[regex] Can't get it to be ungreedy

J

Jane Doe

Hello,

[Since this question is actually a regex used in the open-source
filtering application Privoxy, it's a bit off-topic here, but this is
the closest ng I found about using regex, so please bear with me :)]

Although I read the O'Reilly book on regex along with the "The
Filter File" part of the documentation and various links, I can't
figure out why Privoxy searches for patterns in greedy mode, regarless
of my use of either the U switch, or the ? limiter after a counter
like .* or .+ .

Here's the starting HTML, the Privoxy filter, and the output:

1. I just want to remove the complete "Item2" row, as shown :

<html>
<head>
</head>
<body>
<table>
<tr>
<td>
Item1
</td>
</tr>
<!-- I want to remove this part -->
<tr>
<td>
Item2
</td>
</tr>
<!-- until this point -->
</table>
</body>
</html>

2. Here's the Privoxy config I used :

Default Action

{+filter{acme}}
www.acme.com

Filter

FILTER: acme
s|<tr>.+Item2.+</tr>||sigU
# DOESN'T WORK EITHER, SAME RESULT s|<tr>.+?Item2.+?</tr>||sig

3. Here's what Privoxy generates:

<html>
<head>
</head>
<body>
<table>

</table>
</body>
</html>

=> Ie. the U switch is ignored.
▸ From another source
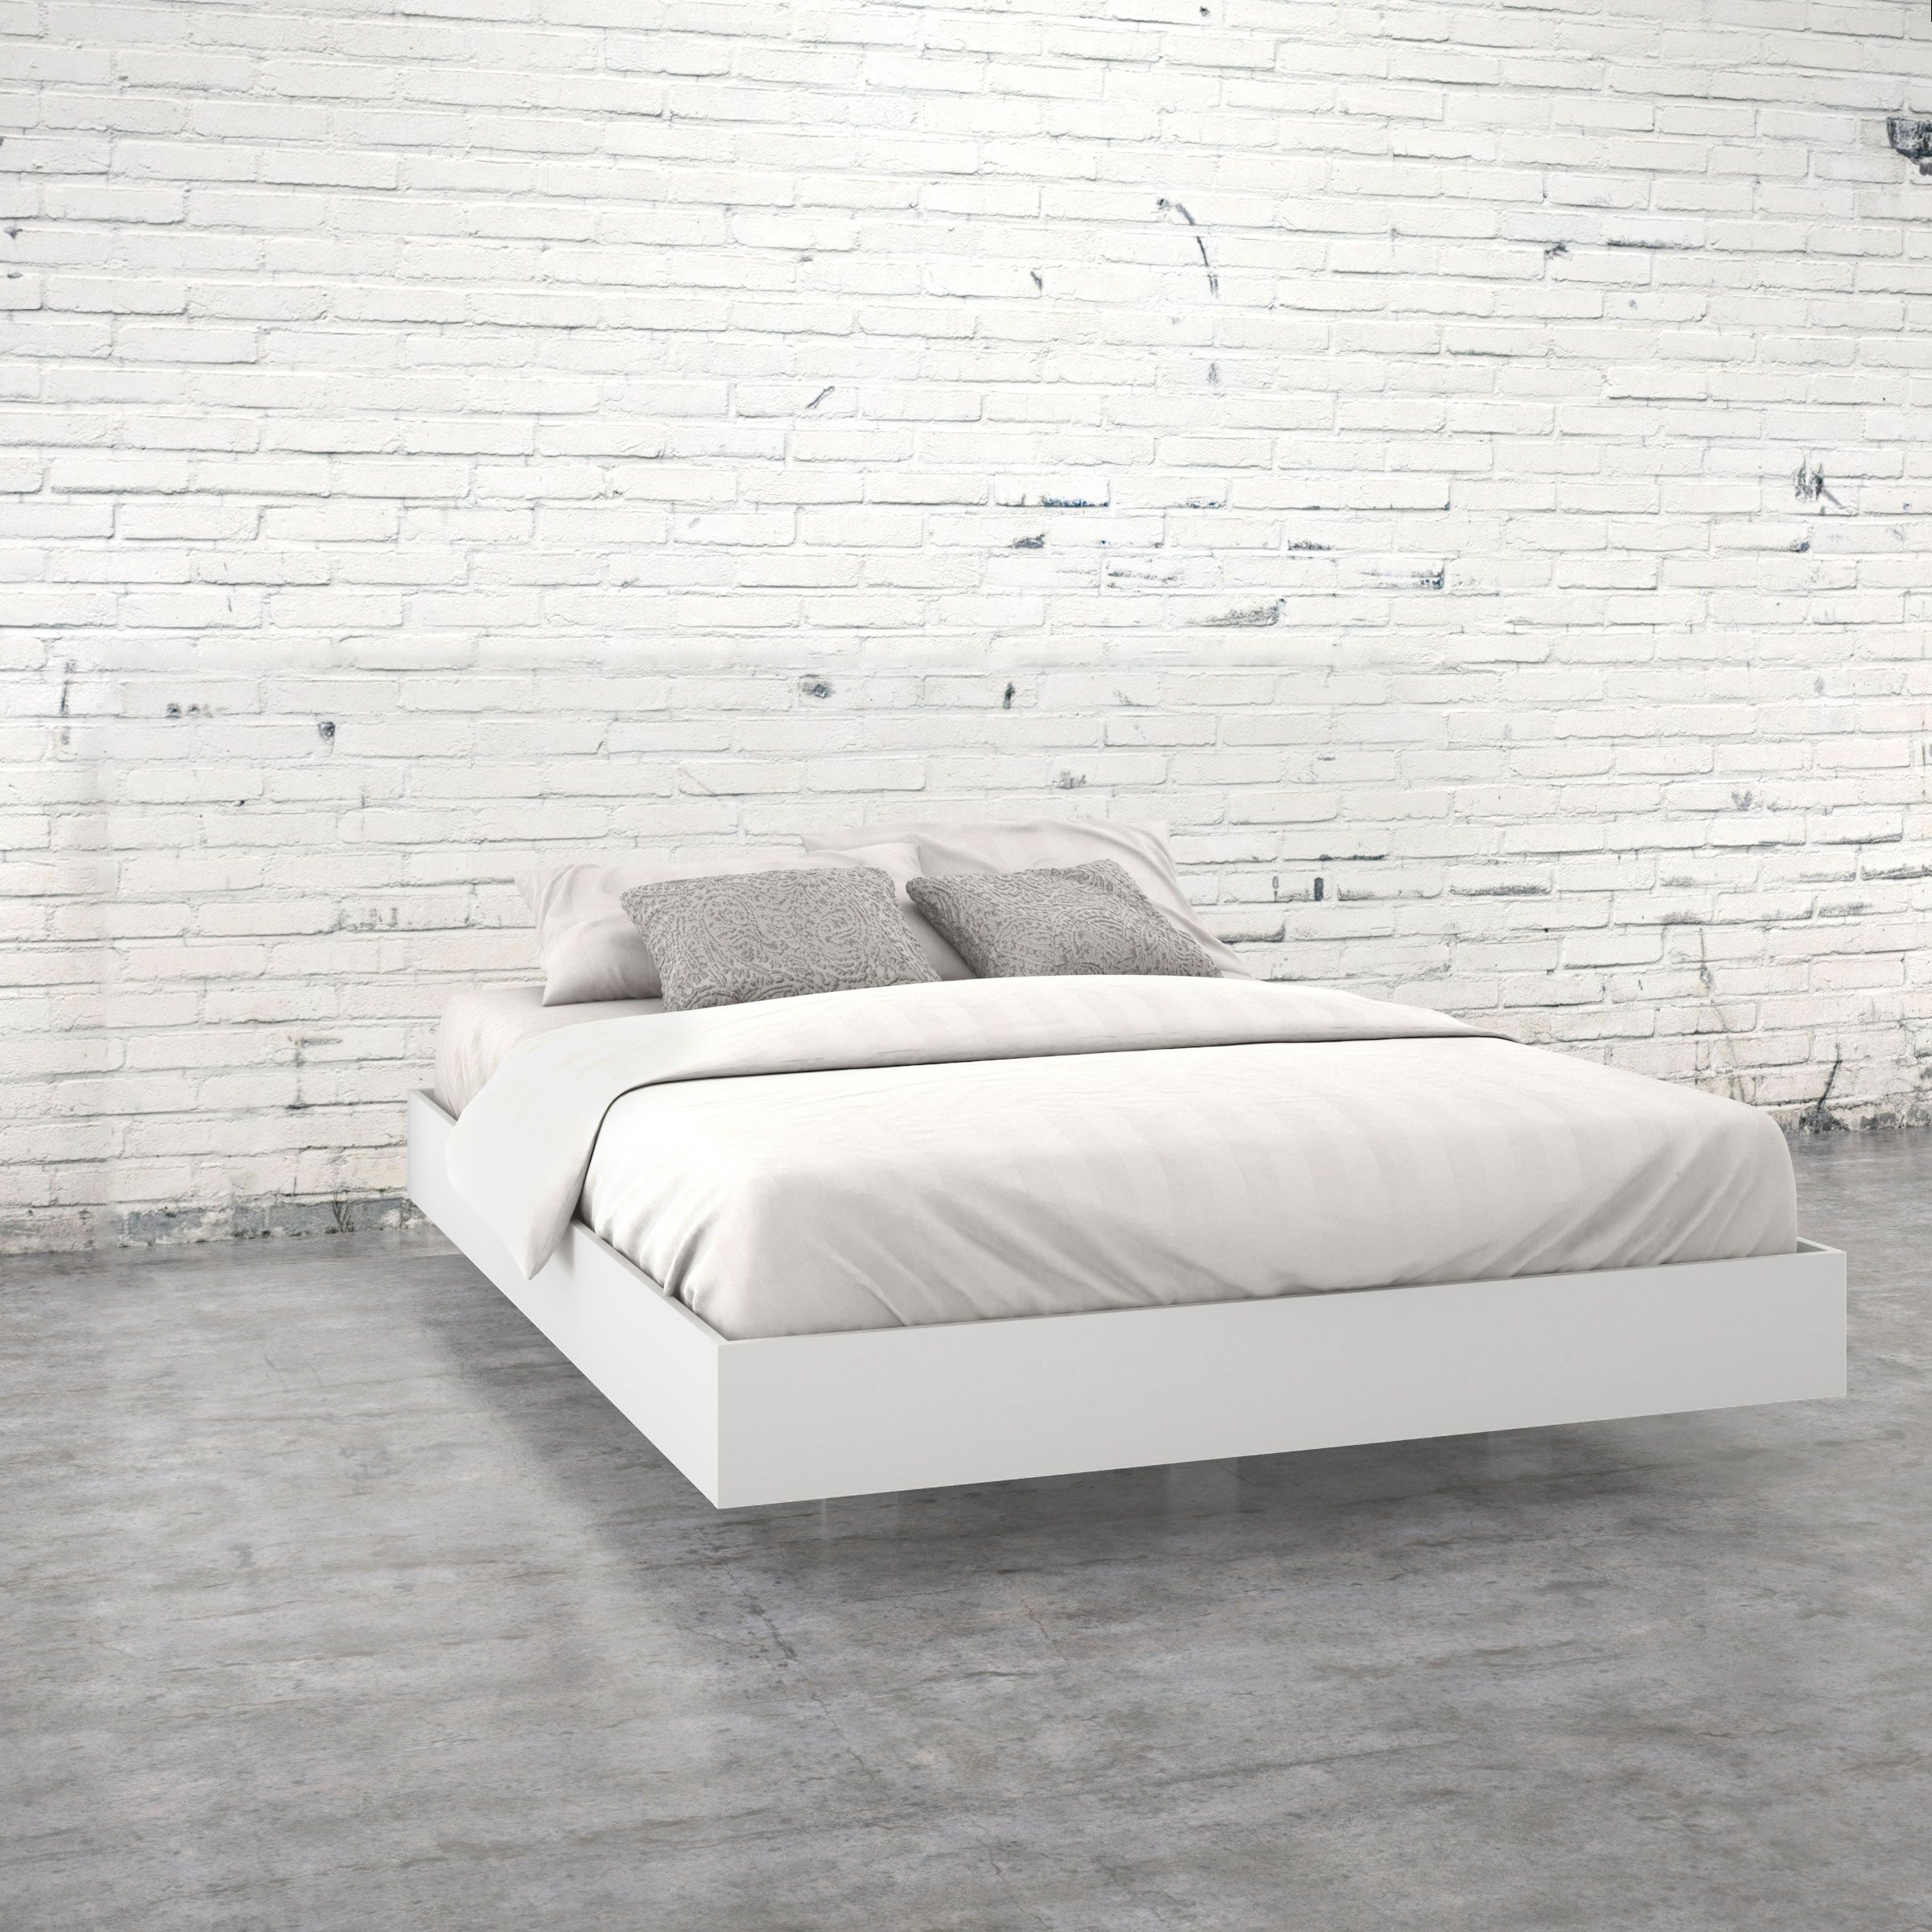 Nexera Nexera Queen Size Platform Bed White Nx 346003 Modern

Removing the U switch and using the
manual ? ungreedifier doesn't work any better.

Thx much for any tip
JD.
 
G

Gunnar Hjalmarsson

Jane said:
# DOESN'T WORK EITHER, SAME RESULT
s|<tr>.+?Item2.+?</tr>||sig
----------^

The first question mark does not make a difference, if the page
doesn't include multiple matches of the part of the pattern that
_follows_ it.

I'd say it works exactly as expected. It matches everything from the
_first_ occurrence of <tr> until the first occurrence of </tr> after
the string 'Item2'.

You may want to try:

s|<tr>\s*<td>\s*Item2.+?</tr>||sig;
 
M

mgarrish

James E Keenan said:
if ($str =~ m|.*(<tr>.*Item2.*?<\/tr>)|s) {
print "To be removed:\n$1\n";
}

Which isn't necessarily going to do what he wants (i.e., you're only
print "\n";
if ($str =~ m|^(.*)<tr>.*Item2.*?<\/tr>\n(.*)|s) {
print "To be kept:\n$1$2\n";
}

Adding ^ to the regex is pointless, because .* will start from the beginning
anyway (and escaping slashes just adds noise when you aren't using slashes
as your delimiters). He also used /g on his regex, so you can't assume that
he's only looking to remove one occurrence.

Matt
 
J

Jürgen Exner

Jane Doe wrote:

Subject: [regex] Can't get it to be ungreedy

Please see 'perldoc -q greedy':
"What does it mean that regexes are greedy? How can I get around it?"
1. I just want to remove the complete "Item2" row, as shown :

<html>
<head>
</head>
<body>
<table>
<tr>
<td>
Item1
</td>
</tr>
<!-- I want to remove this part -->
<tr>
<td>
Item2
</td>
</tr>
<!-- until this point -->
</table>
</body>
</html>

As has been pointed out many, many times REs are not powerful enough to
parse HTML. You should use an HTML parser for that purpose.

jue
 
J

Jane Doe

I'd say it works exactly as expected. It matches everything from the
_first_ occurrence of <tr> until the first occurrence of </tr> after
the string 'Item2'.

You may want to try:

s|<tr>\s*<td>\s*Item2.+?</tr>||sig;

Thanks Gunnar and others. I tried the ideas you gave, and did read the
PerlDoc "What does it mean that regexes are greedy? How can I get
around it?" _before_ asking the question... but Privoxy is still
acting greedy, no matter what I try. I'll come up with another trick
somehow :)

Thx again
JD.
 
M

matija

figure out why Privoxy searches for patterns in greedy mode, regarless
of my use of either the U switch, or the ? limiter after a counter
like .* or .+ .

Here's the starting HTML, the Privoxy filter, and the output:

1. I just want to remove the complete "Item2" row, as shown :

<html>
<head>
</head>
<body>
<table>
<tr>
<td>
Item1
</td>
</tr>
<!-- I want to remove this part -->
<tr>
<td>
Item2
</td>
</tr>
<!-- until this point -->
</table>
</body>
</html>

You might go away with eval regex if your app. supports it,

$table =~ s{(<tr.+?</tr>)}{
my $tr = $1;

#do something to $tr
..

$tr;
}iges;

Still it's probably highly unefficient, but as you're not using perl..
 
J

Jane Doe

If you by that mean that it also removes 'Item1', it sounds weird.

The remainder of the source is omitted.